Would you retype the listing below word for word, without any of its pictures?

* AVAILABLE DATA *
════════

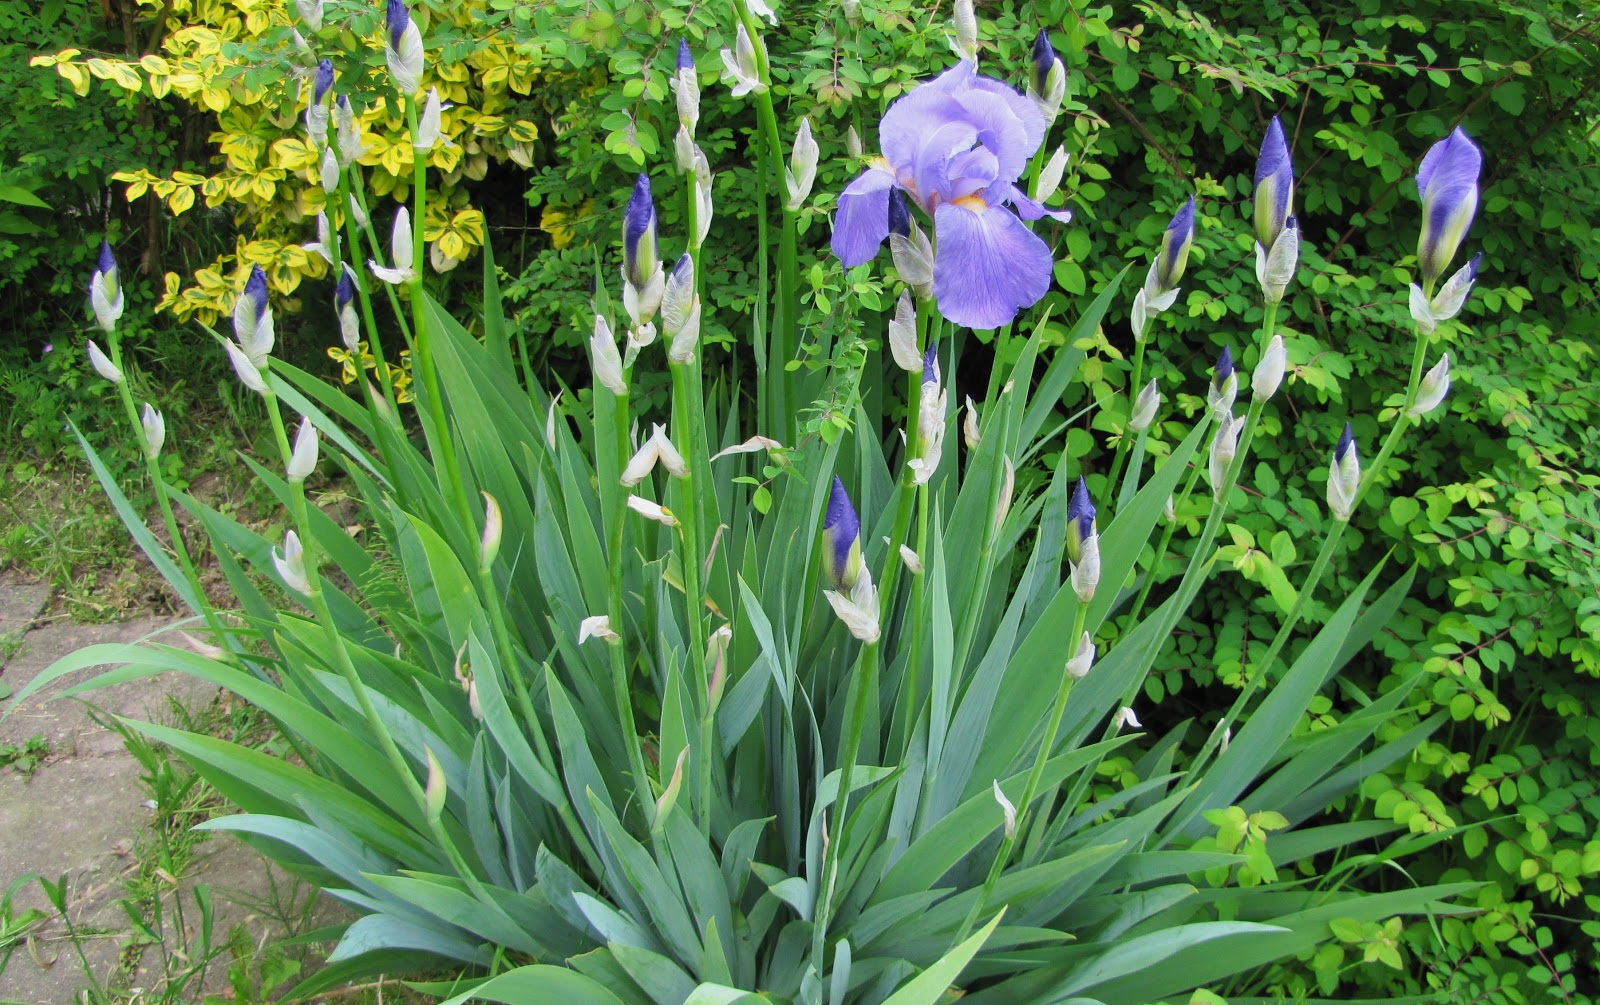 ber's plaatjes: Blauwe (Duitse) Lis in mijn tuin gaat
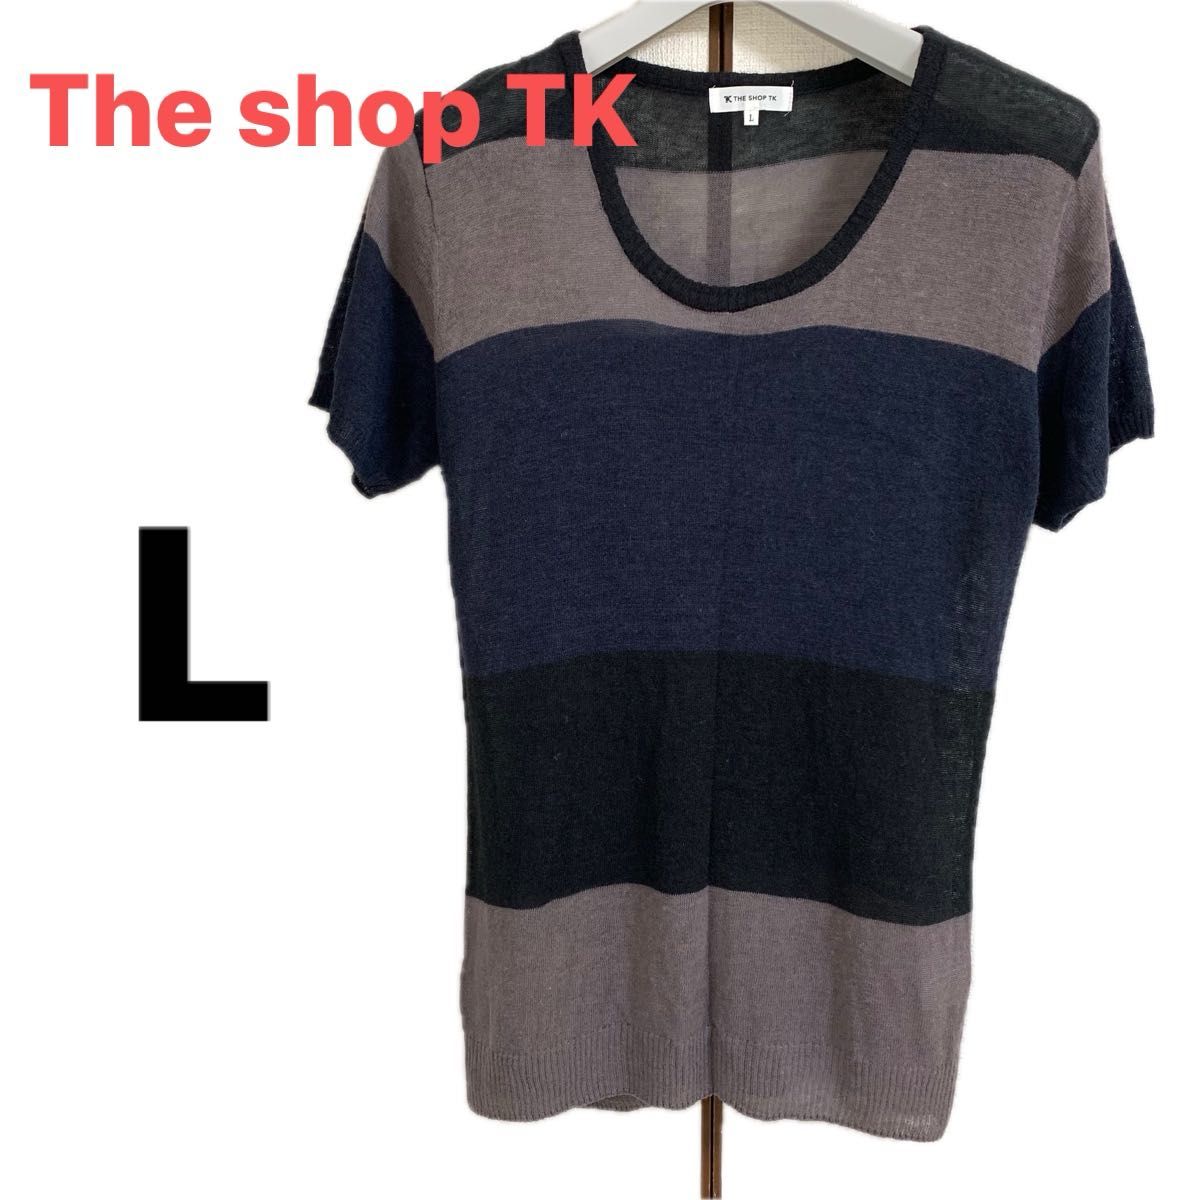 TheshopTK ザショップティーケー Lサイズ Tシャツ 半袖 カットソー ニット クルーネック ブラック シアー  Uネック
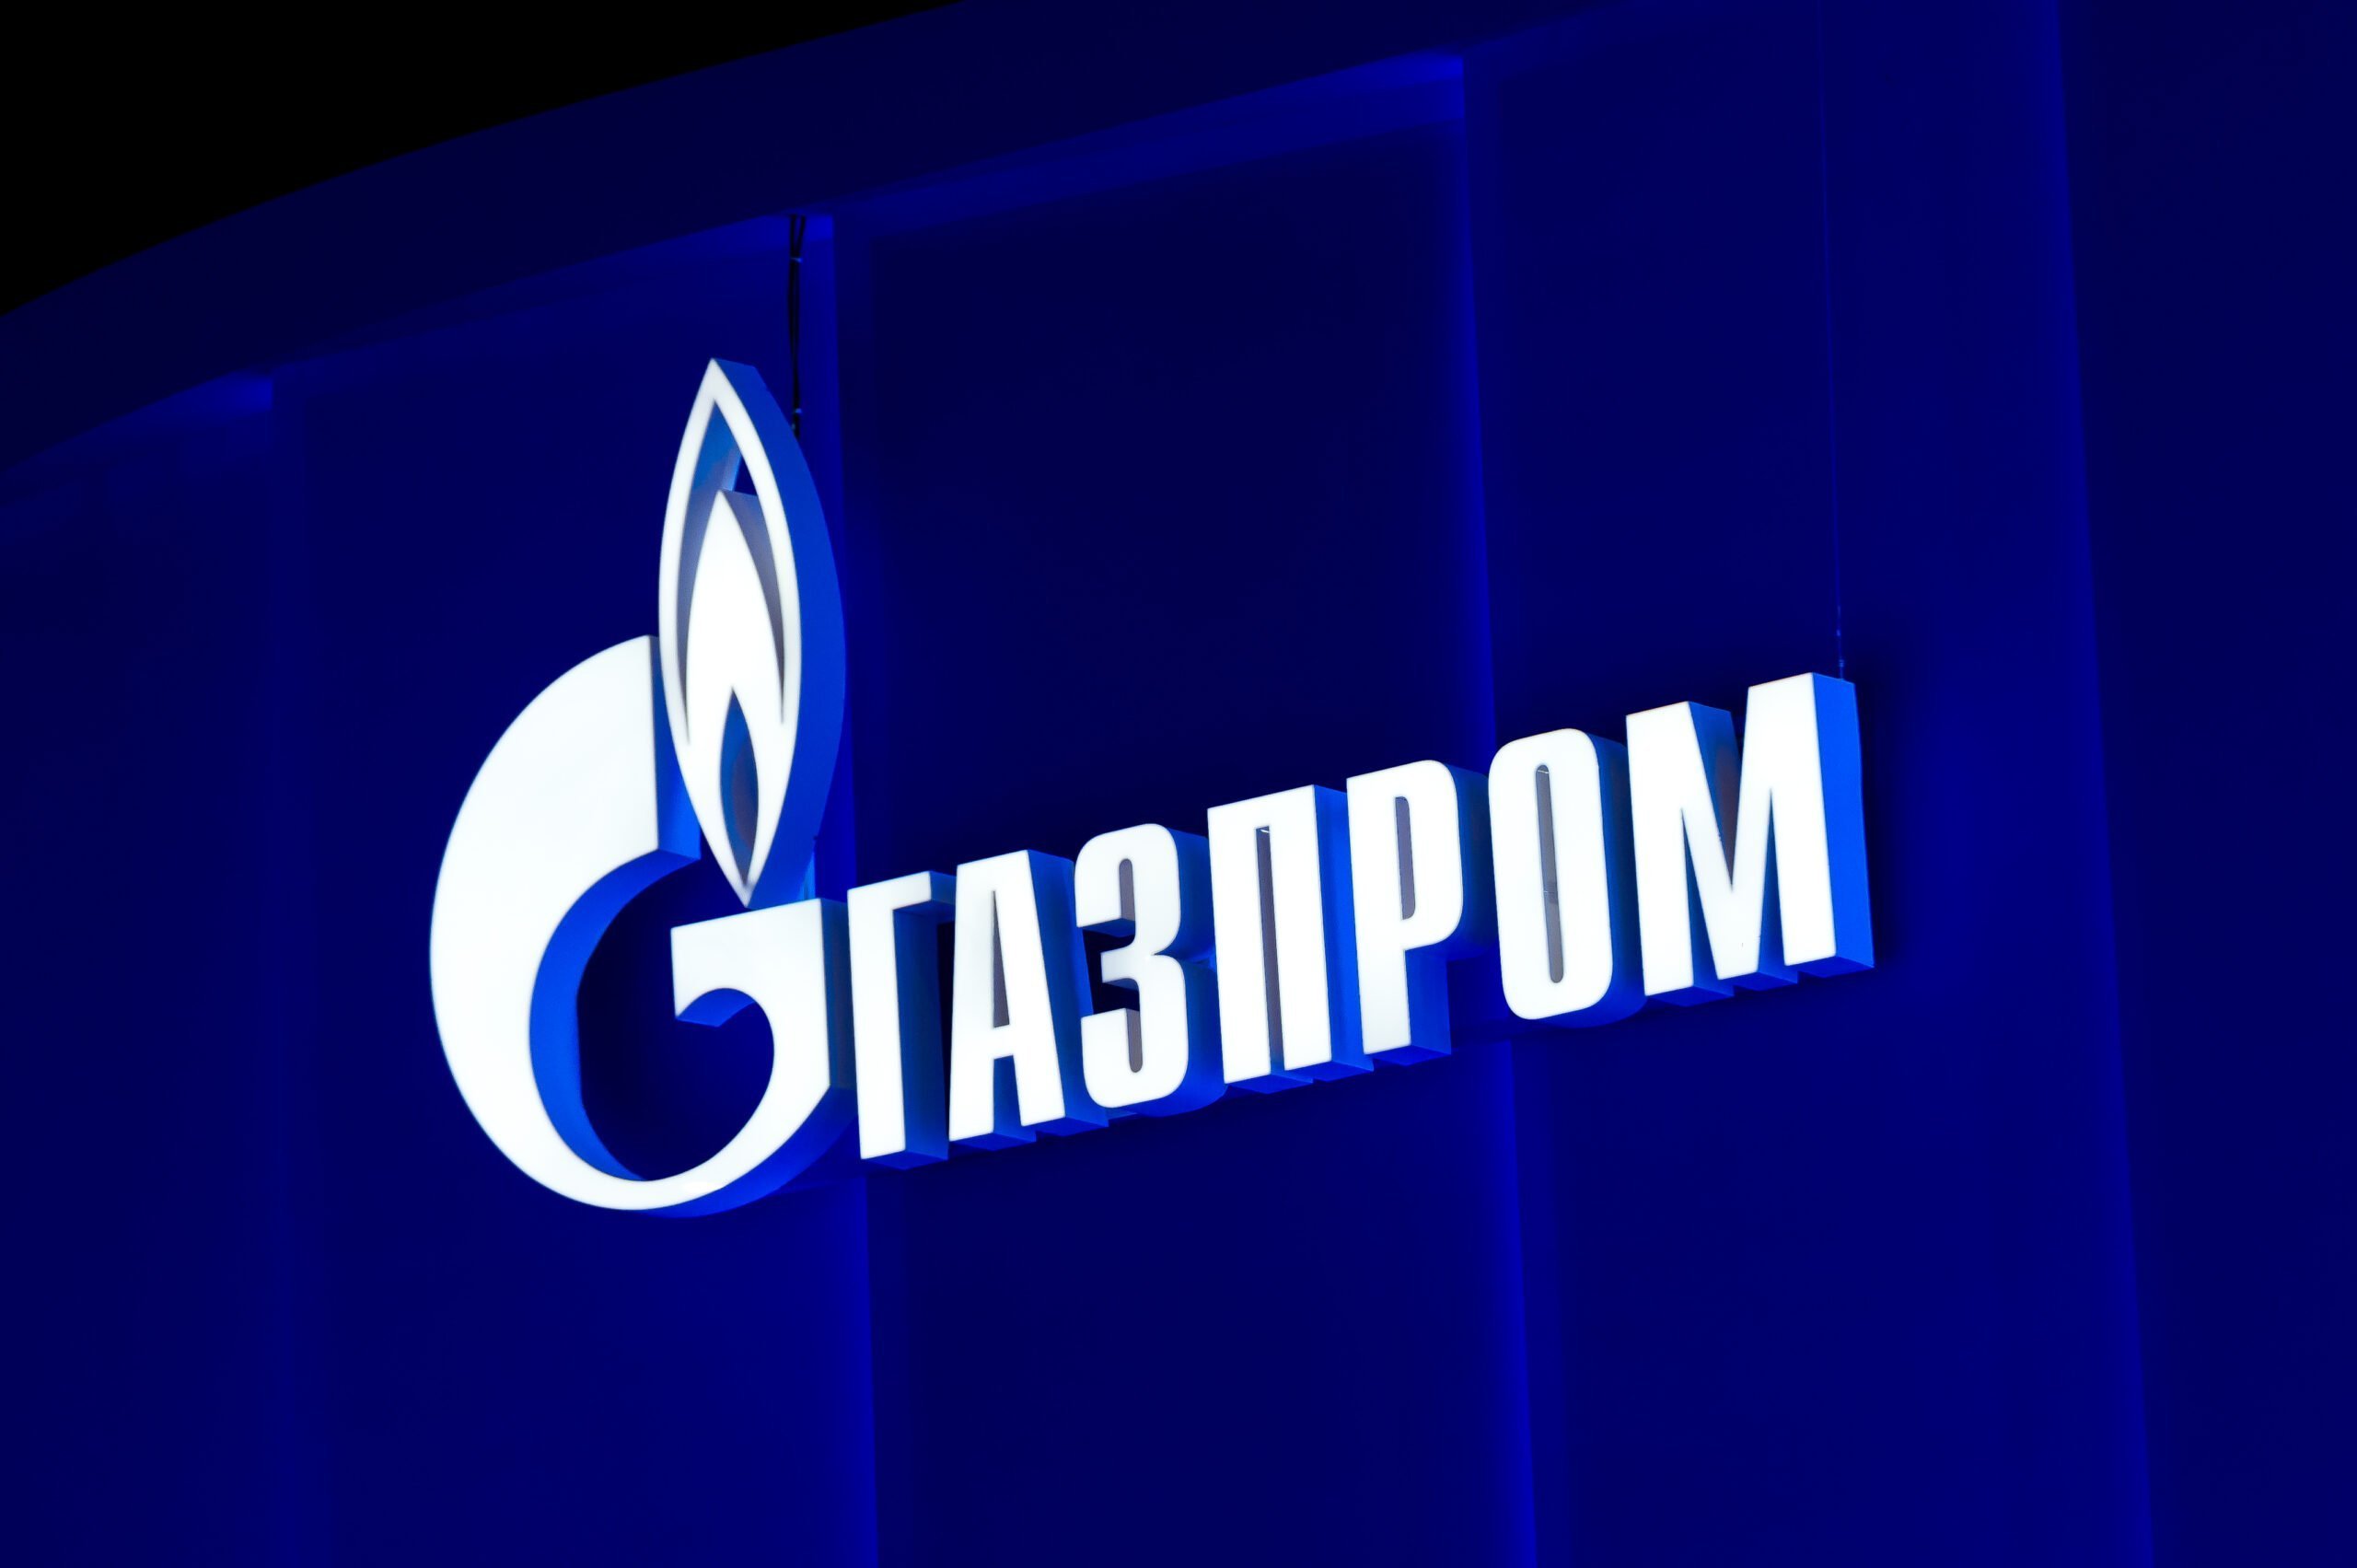 Газпром национальное достояние

════════

* EXPECTED ANSWER *
 ber's plaatjes: Blauwe (Duitse) Lis in mijn tuin gaat
 TheshopTK ザショップティーケー Lサイズ Tシャツ 半袖 カットソー ニット クルーネック ブラック シアー  Uネック
 Газпром национальное достояние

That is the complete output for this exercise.